- **ABOUT THIS TASK**: What is needed is an exact copy of the whole listing below, with no pictures.

***** COLLECTED DATA *****

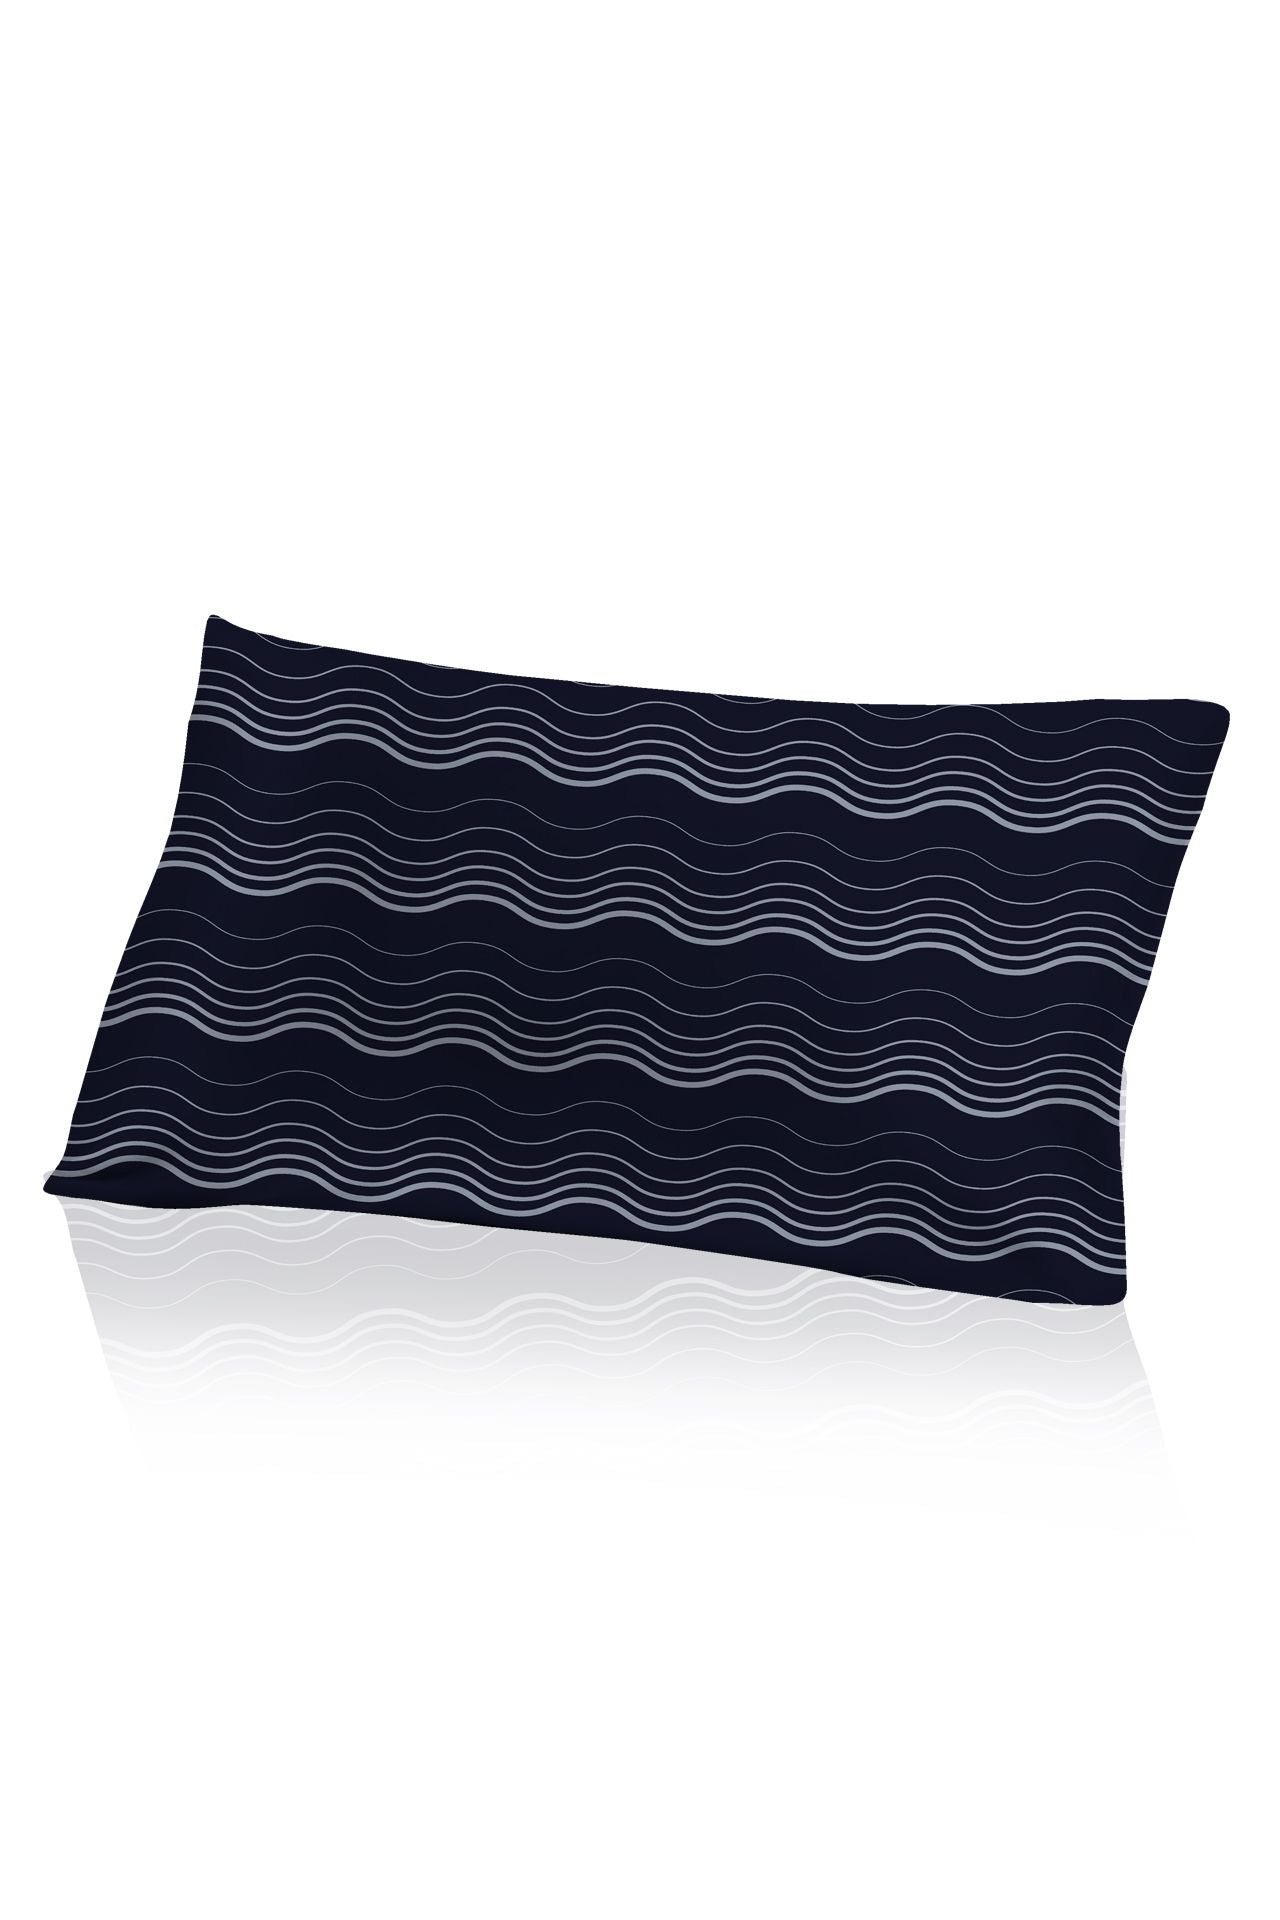 "printed pillow cases" "best decorative pillows" "Kyle X Shahida" "modern pillow throw"
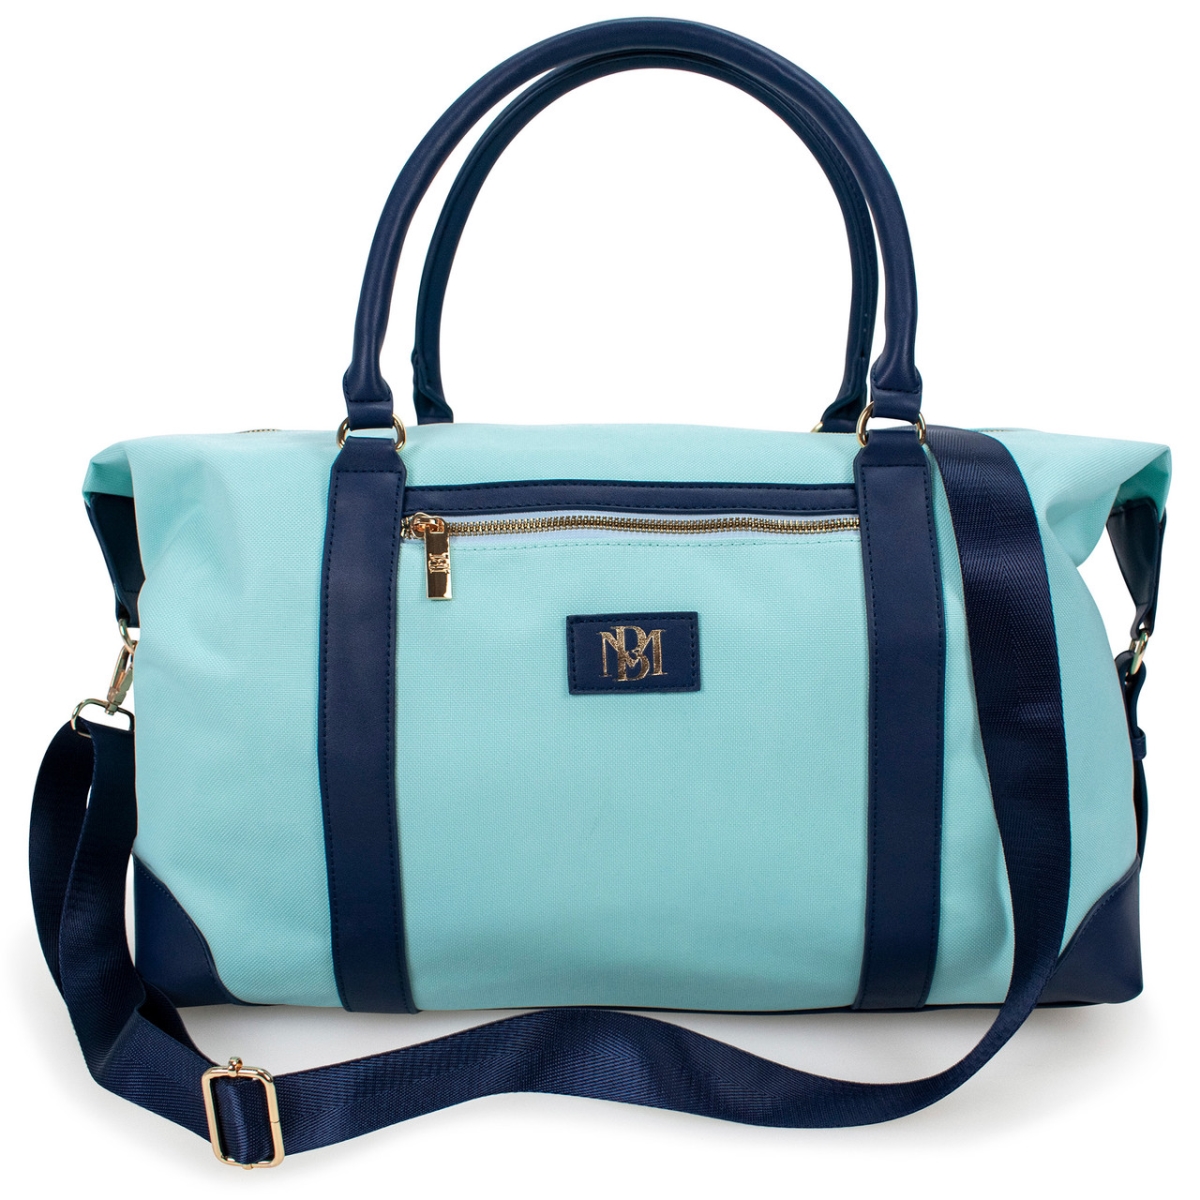 Picture of Badgley Mischka BMWKBARBLB Barbara Tote Weekender Travel Bag, Light Blue - One size
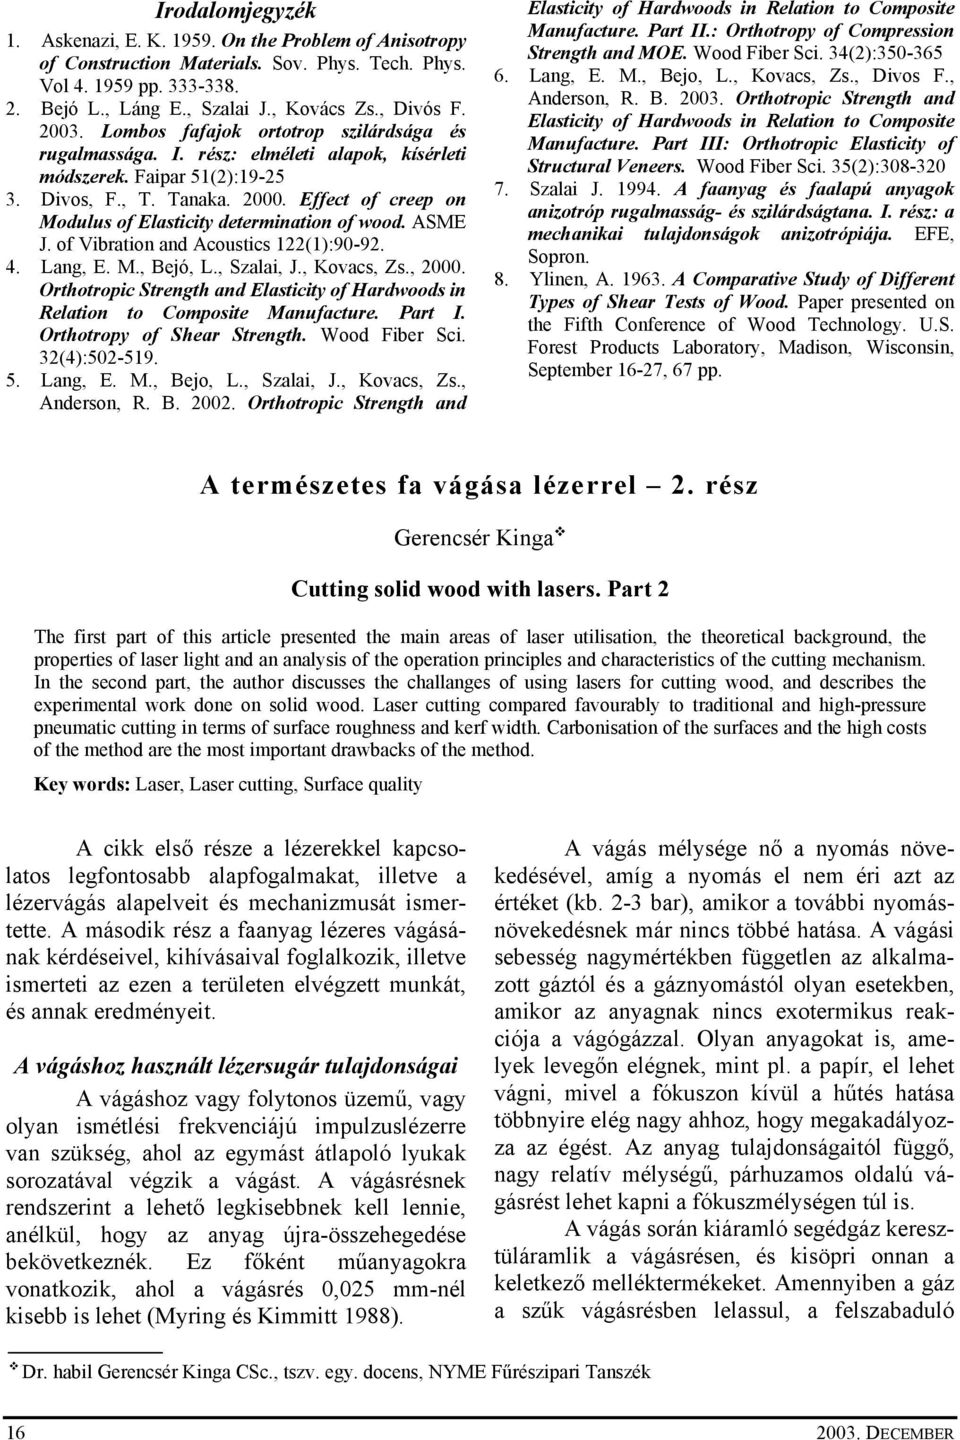 Effect of creep on Modulus of Elasticity determination of wood. ASME J. of Vibration and Acoustics 122(1):90-92. 4. Lang, E. M., Bejó, L., Szalai, J., Kovacs, Zs., 2000.

*****

- **SOLUTION FOR THIS TASK**:
 "printed pillow cases" "best decorative pillows" "Kyle X Shahida" "modern pillow throw"
 Picture of Badgley Mischka BMWKBARBLB Barbara Tote Weekender Travel Bag, Light Blue - One size
 Effect of creep on Modulus of Elasticity determination of wood. ASME J. of Vibration and Acoustics 122(1):90-92. 4. Lang, E. M., Bejó, L., Szalai, J., Kovacs, Zs., 2000.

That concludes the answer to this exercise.